**Given information**
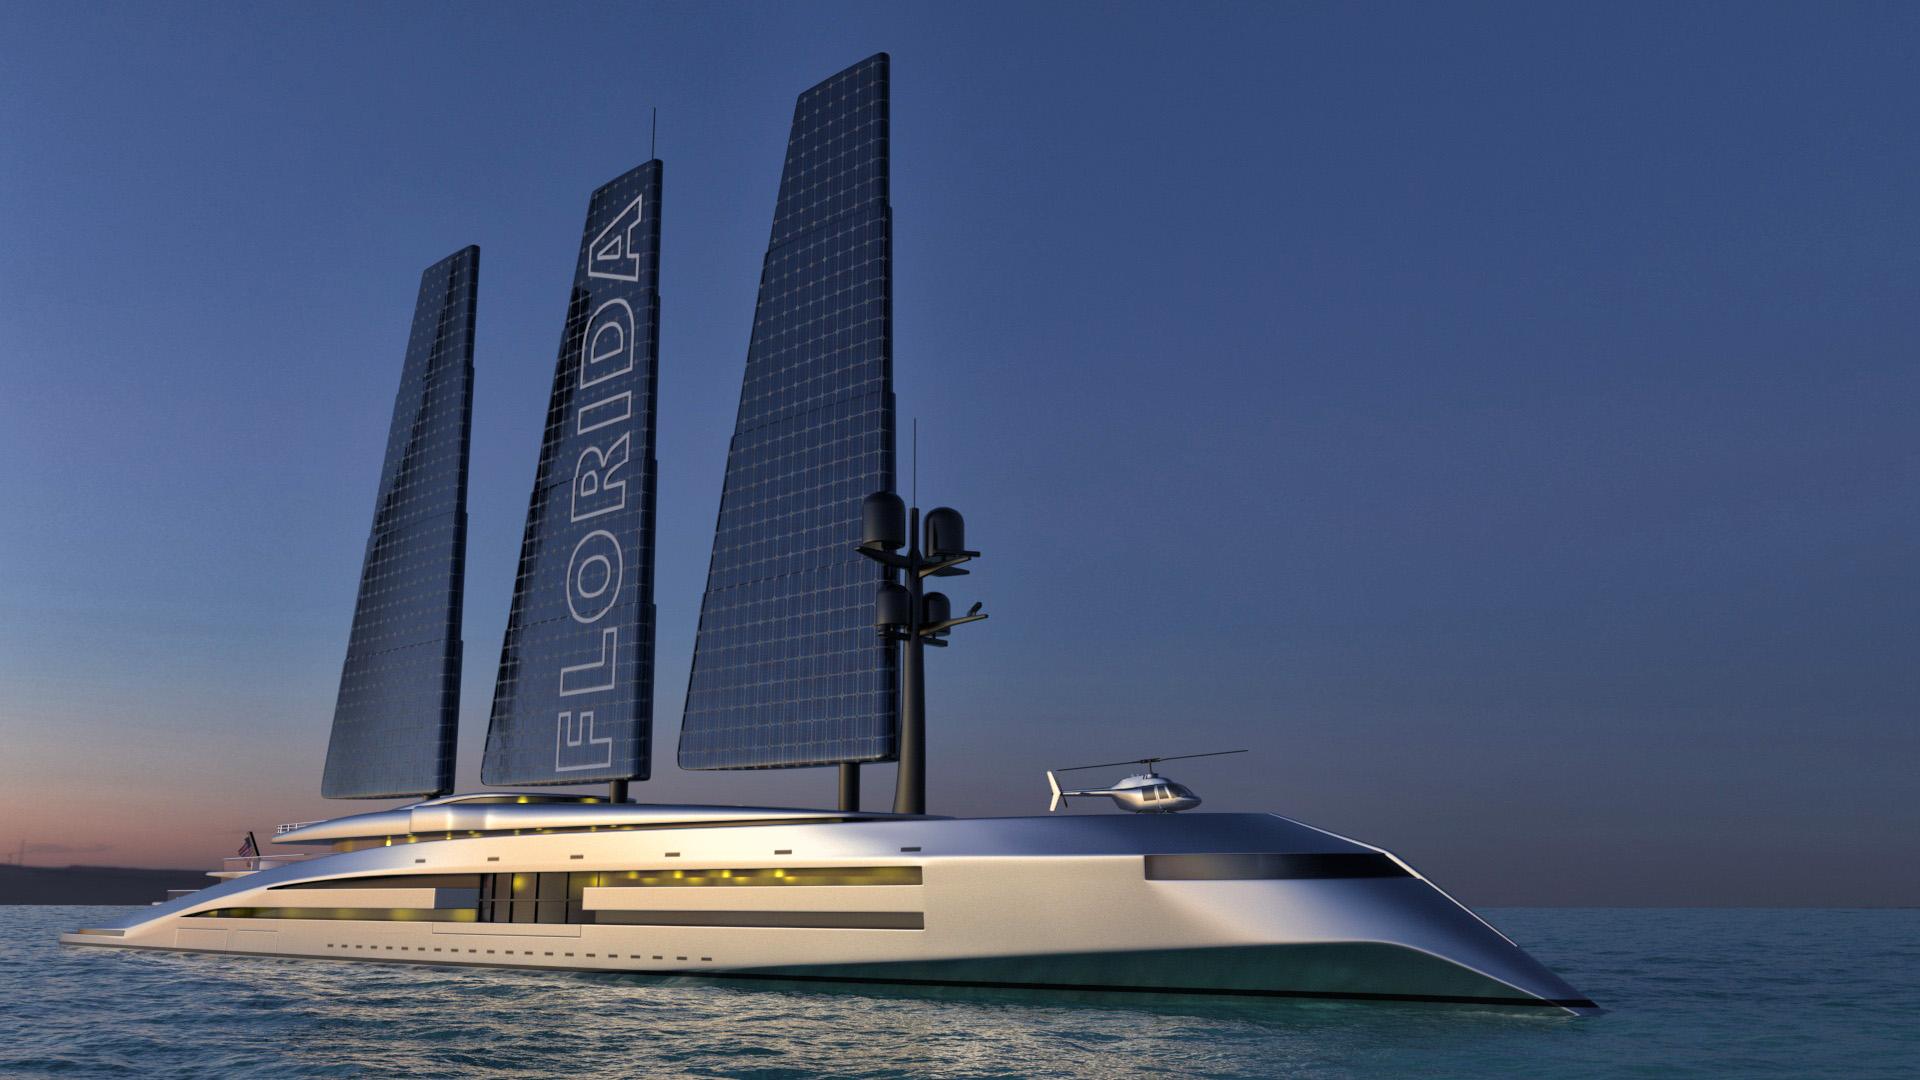 render of Florida superyacht at night
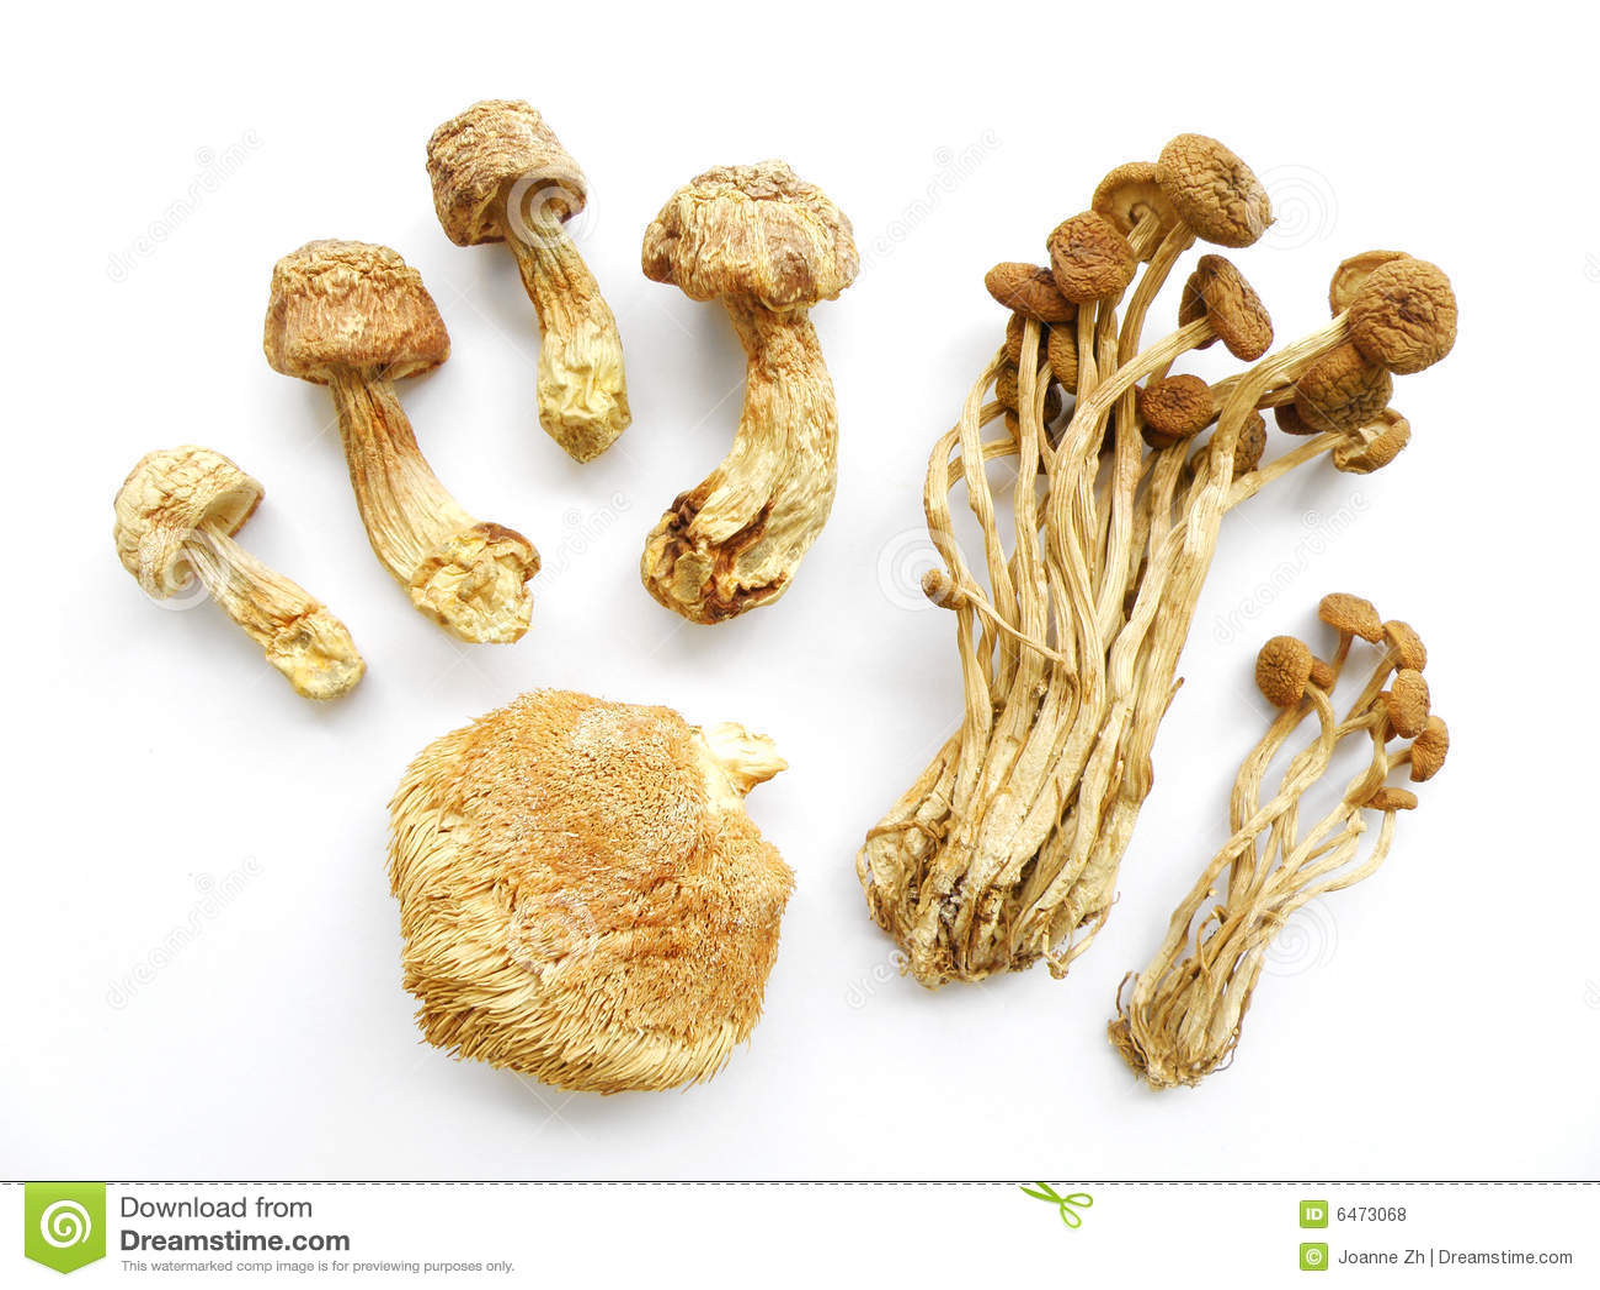 Assorted dried mushrooms
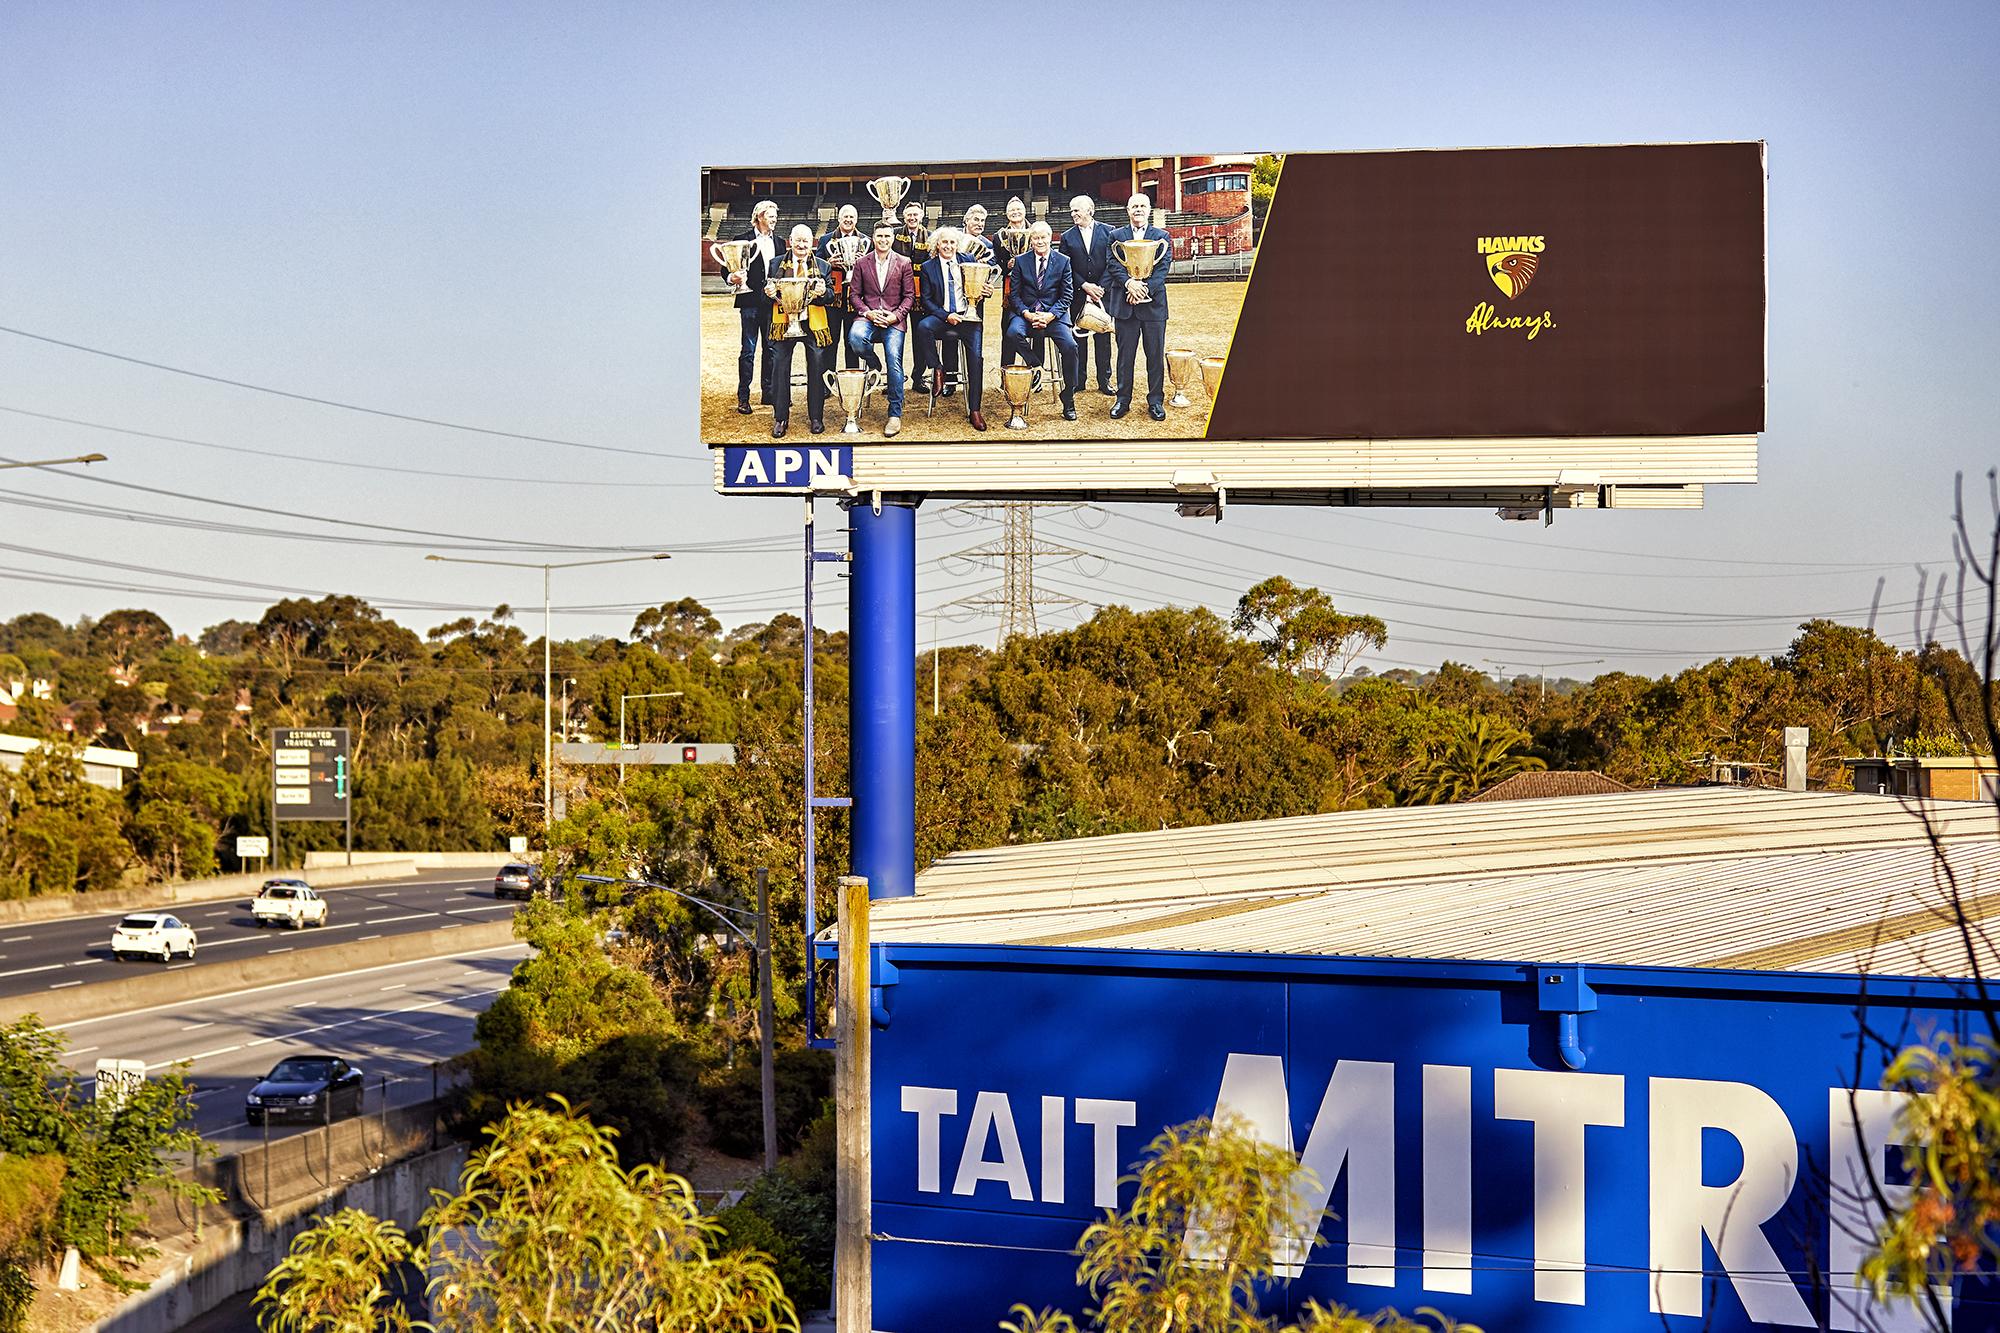 Billboard image for Hawthorn FC

**What is required**
Would you please give the material above again, unchanged but without pictures?

**Exercise response**
 render of Florida superyacht at night
 Assorted dried mushrooms
 Billboard image for Hawthorn FC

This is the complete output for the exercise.